# 18" MC2 RT6 Chrome Wheels



## zerokill2006 (Aug 7, 2008)

I bought an 05 GTO two months ago with 4400 miles and the 18" MC2 RT6 Chrome rims.

Were these installed as part of a factory OEM? If so would they be covered under a warranty?

There was a hair line crack in one of my spokes on the driver rear wheel that resulted in the entire wheel breaking on all 5 spokes around the center hub area while I was in a long curve doing about 50mph. The hub area of the wheel stayed bolted onto the brake assembly.

There wasn't a lot of body damage to the car, but the pontiac dealership that is repairing is claiming that these were not factory installed rims covered in the warranty.

I have tried looking for MC2 but apparently they are no longer in business. My insurance company is only covering the one wheel that broke.

Is there any way that I can hold Pontiac responsible, and do you know how I can prove that it was a factory wheel?
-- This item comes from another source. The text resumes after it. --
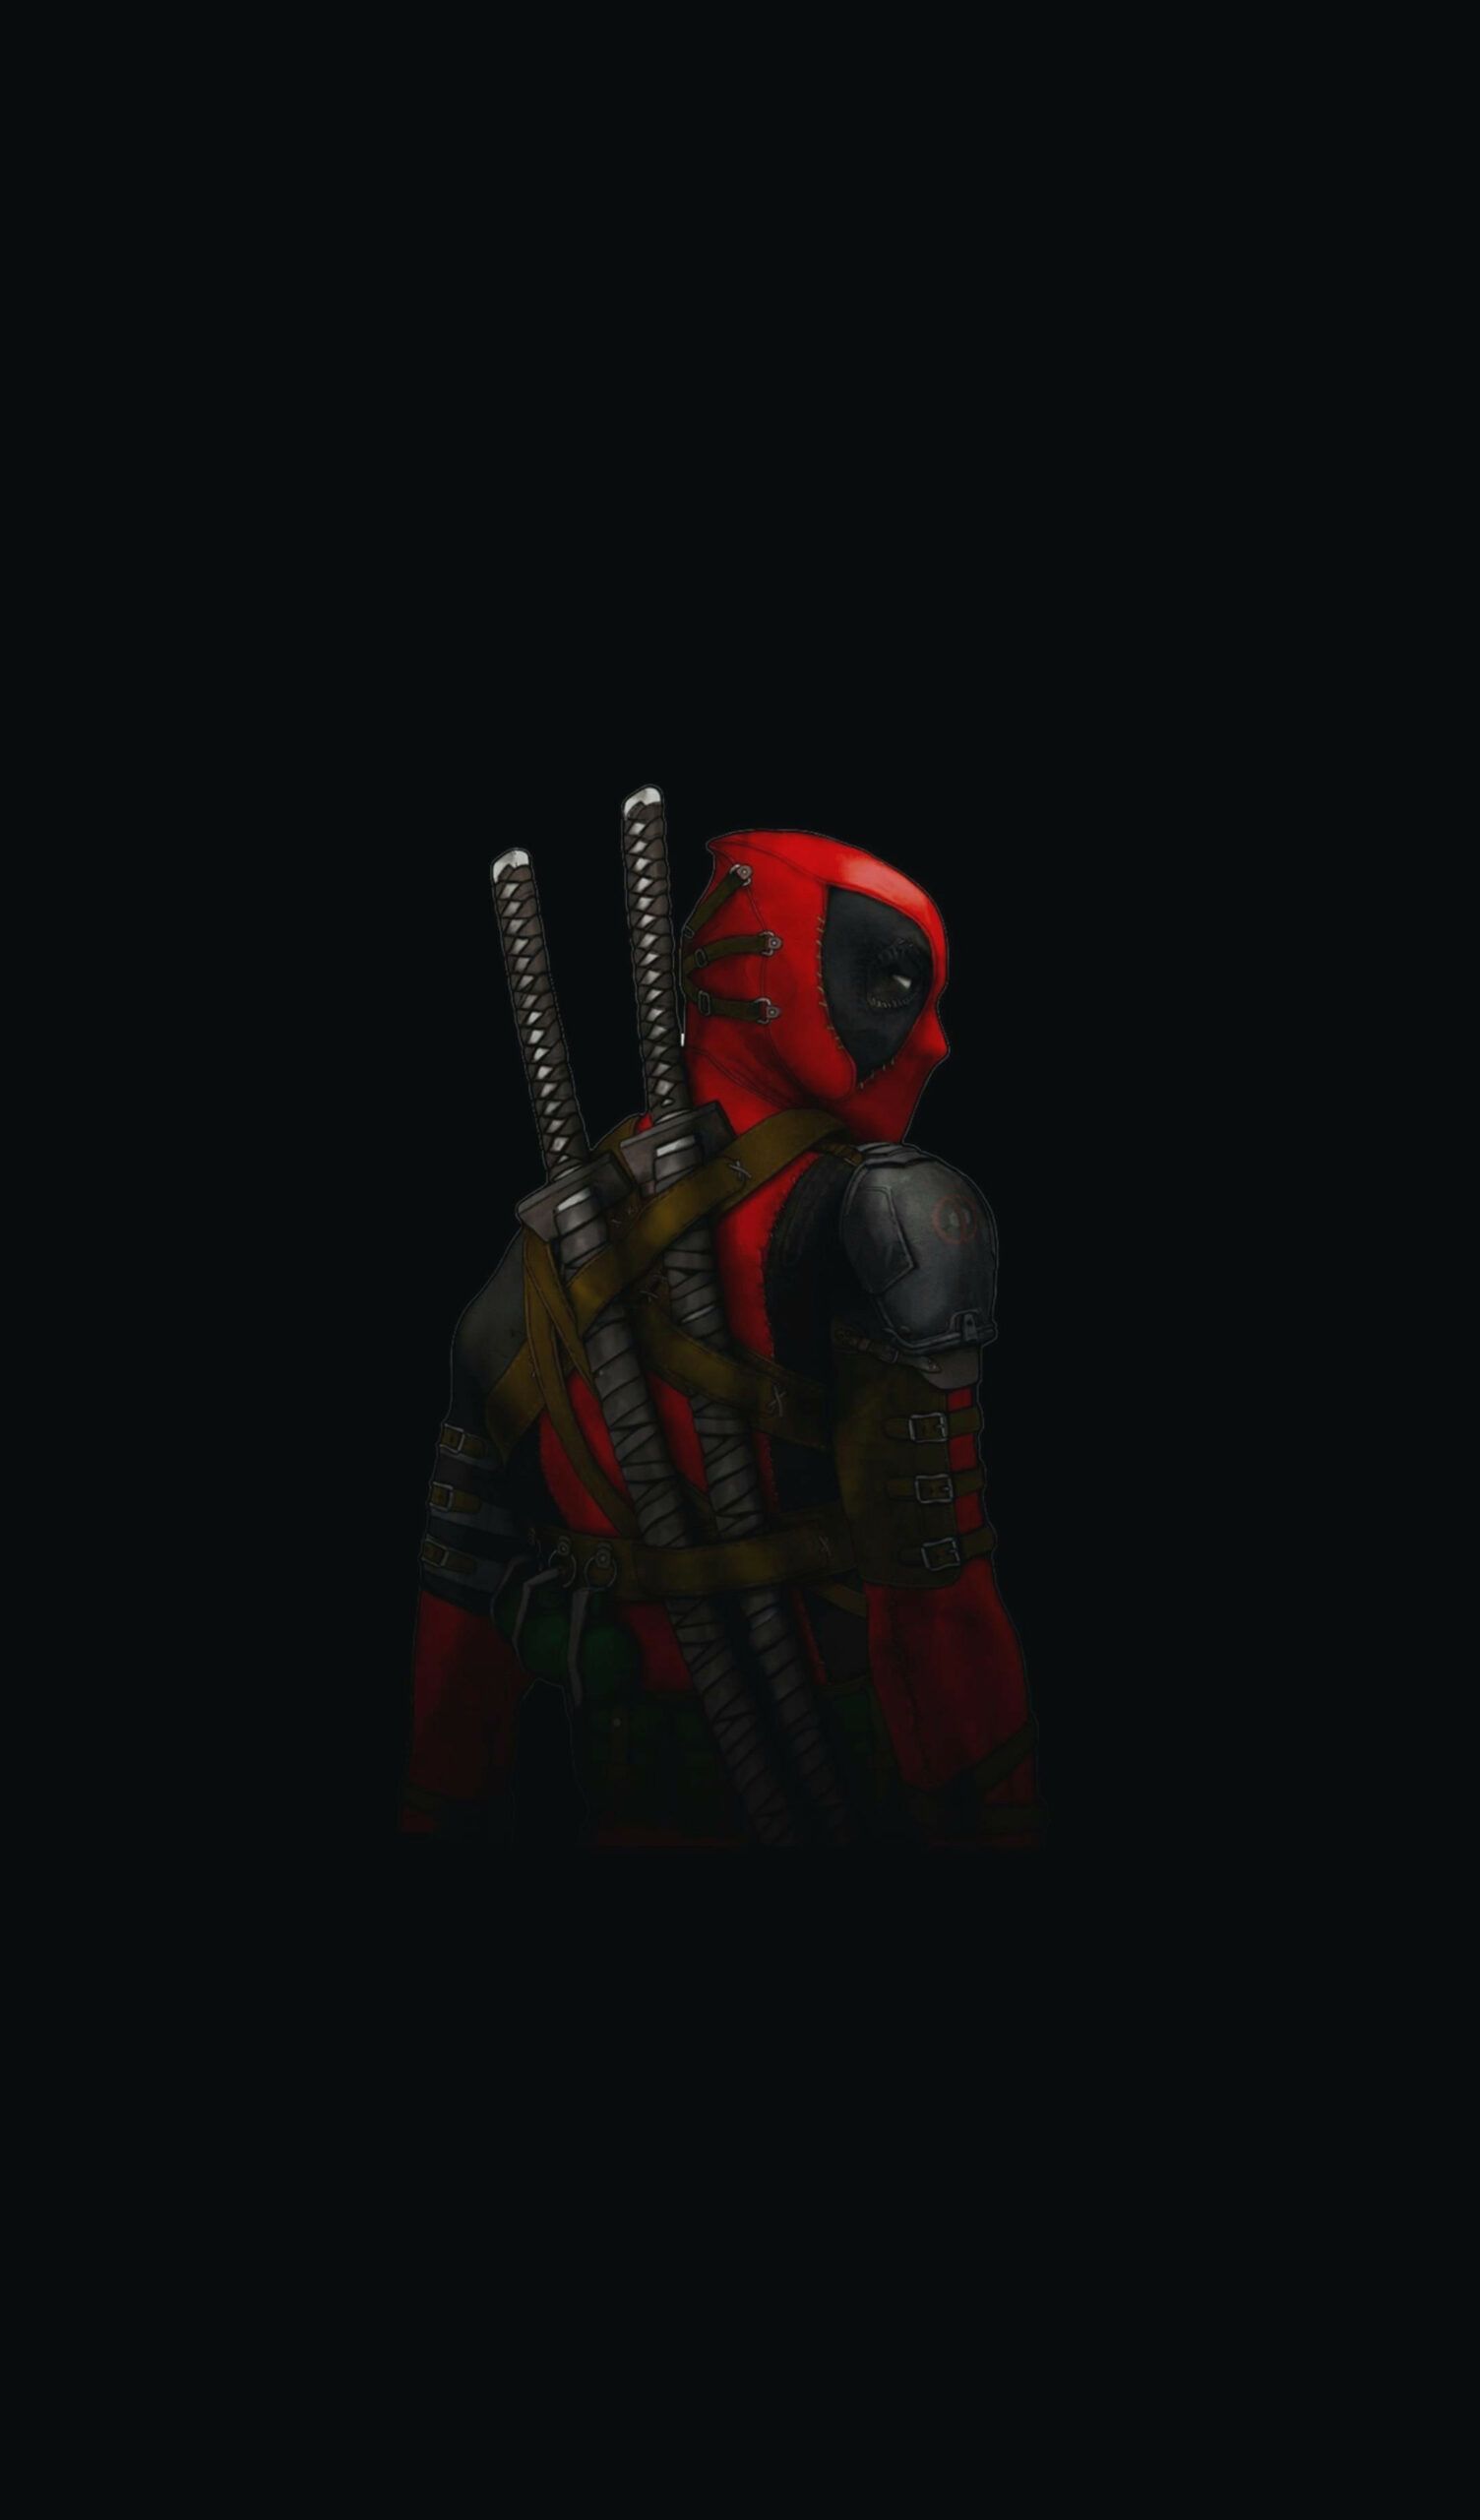 Awesome Deadpool Wallpaper Darkness Free Wallpaper And Background. Deadpool wallpaper iphone, Deadpool wallpaper, Deadpool art

Thanks for your time and help with this.


----------



## silversport (Mar 23, 2007)

if those were the lace wheels I believe this was a common problem and led to their demise on GTOs...they were a dealer installed option (IIRC) and should be covered under warranty...my '06 with SAP I was told mine had these on and they were replaced with 17" stockers prior to my buying...pics would help to be sure...
Good Luck!
Bill


----------



## zerokill2006 (Aug 7, 2008)

*lace*

Bill,

Thanks for the info. Forgive my ignorance, but I don't know what you mean by "lace" wheels.
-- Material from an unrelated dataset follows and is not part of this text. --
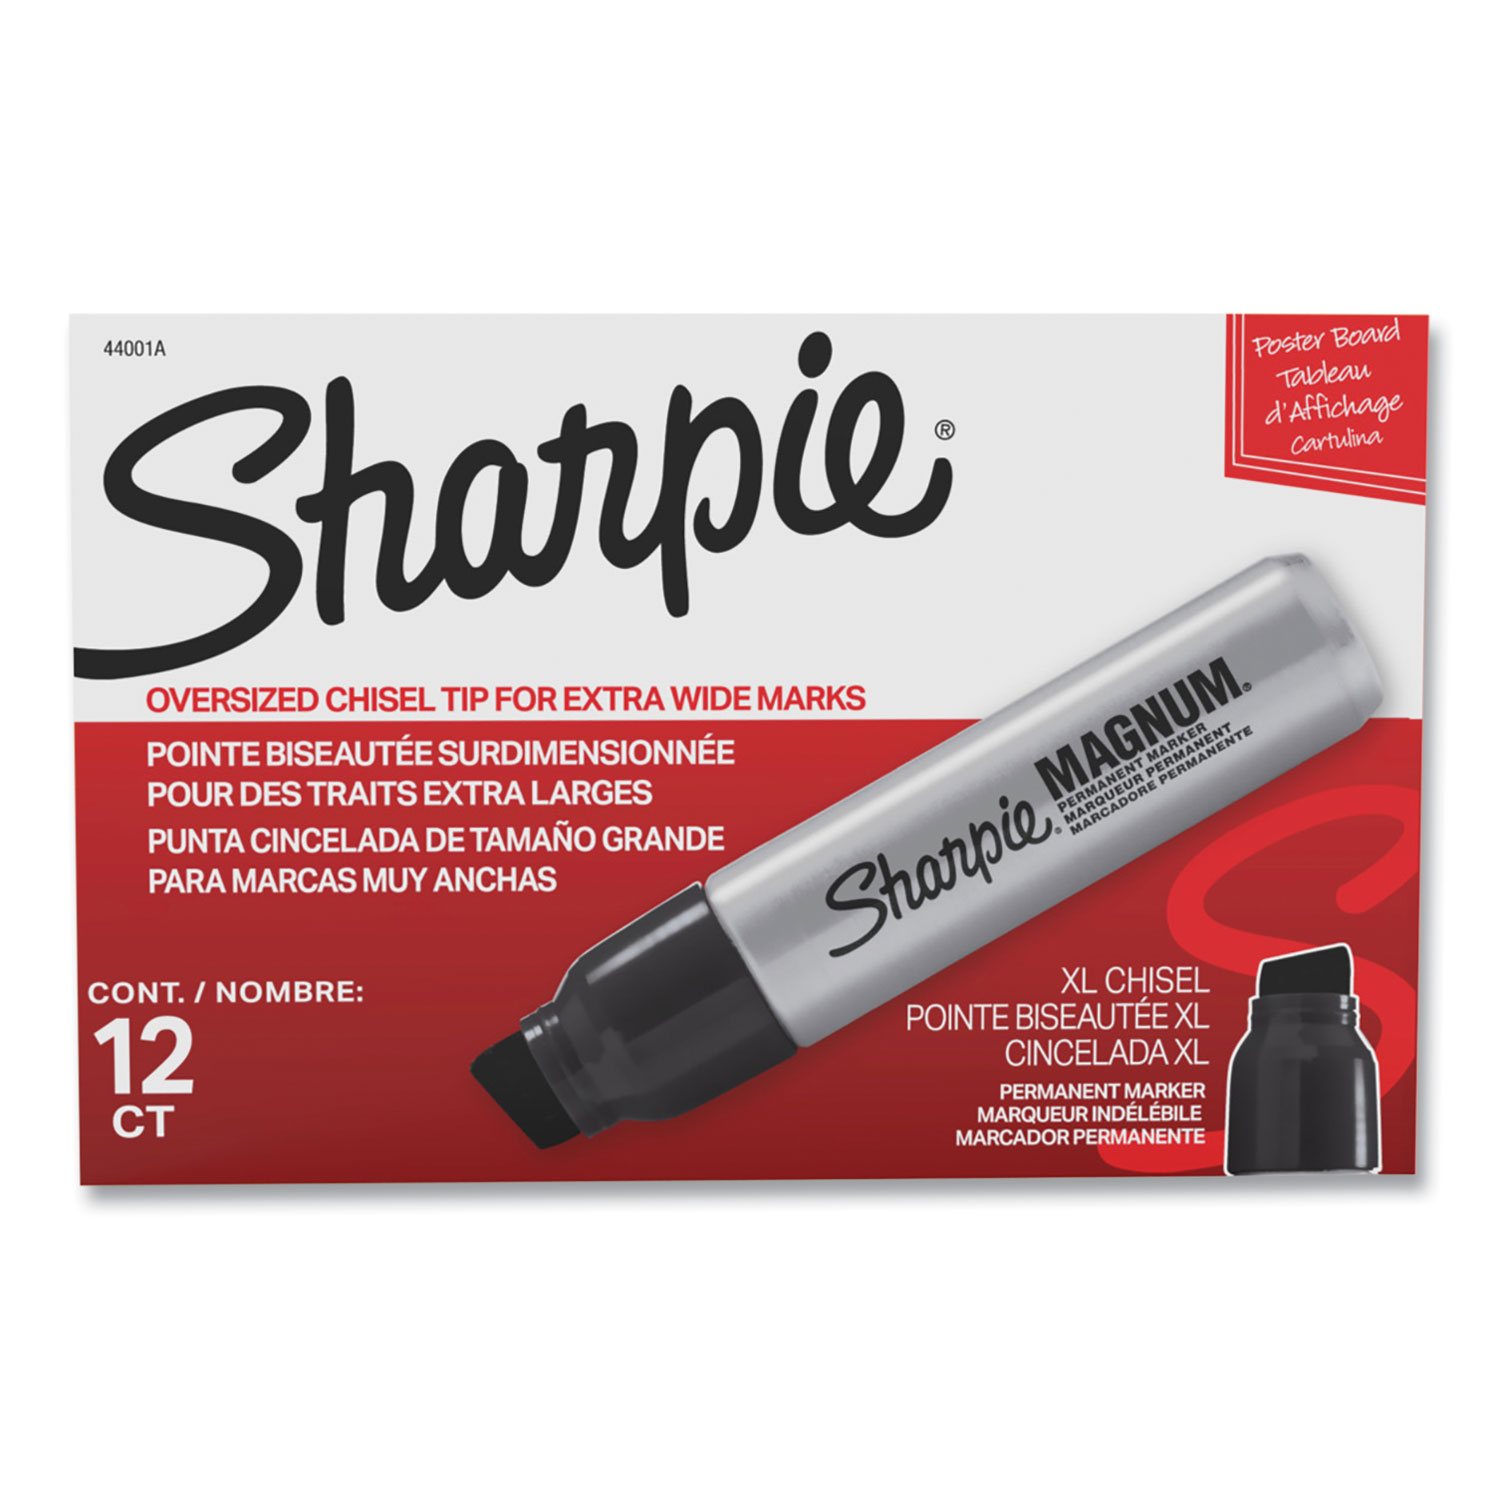 SHARPIE King Size Permanent Marker Large Chisel Tip, Great for Poster  Boards, Black, 4 Count

I am a new GTO owner and I'm still adjusting to the language :lol:

I will try to post pictures of the broken wheel.

Thanks again for your input =D


----------



## silversport (Mar 23, 2007)

zerokill...I was talking about #2 in the pics attached...kind of a snowflake like wheel???
LS1GTO.com Forums - MC2 guys. Please come in: Dealer Installed Wheels
Bill


----------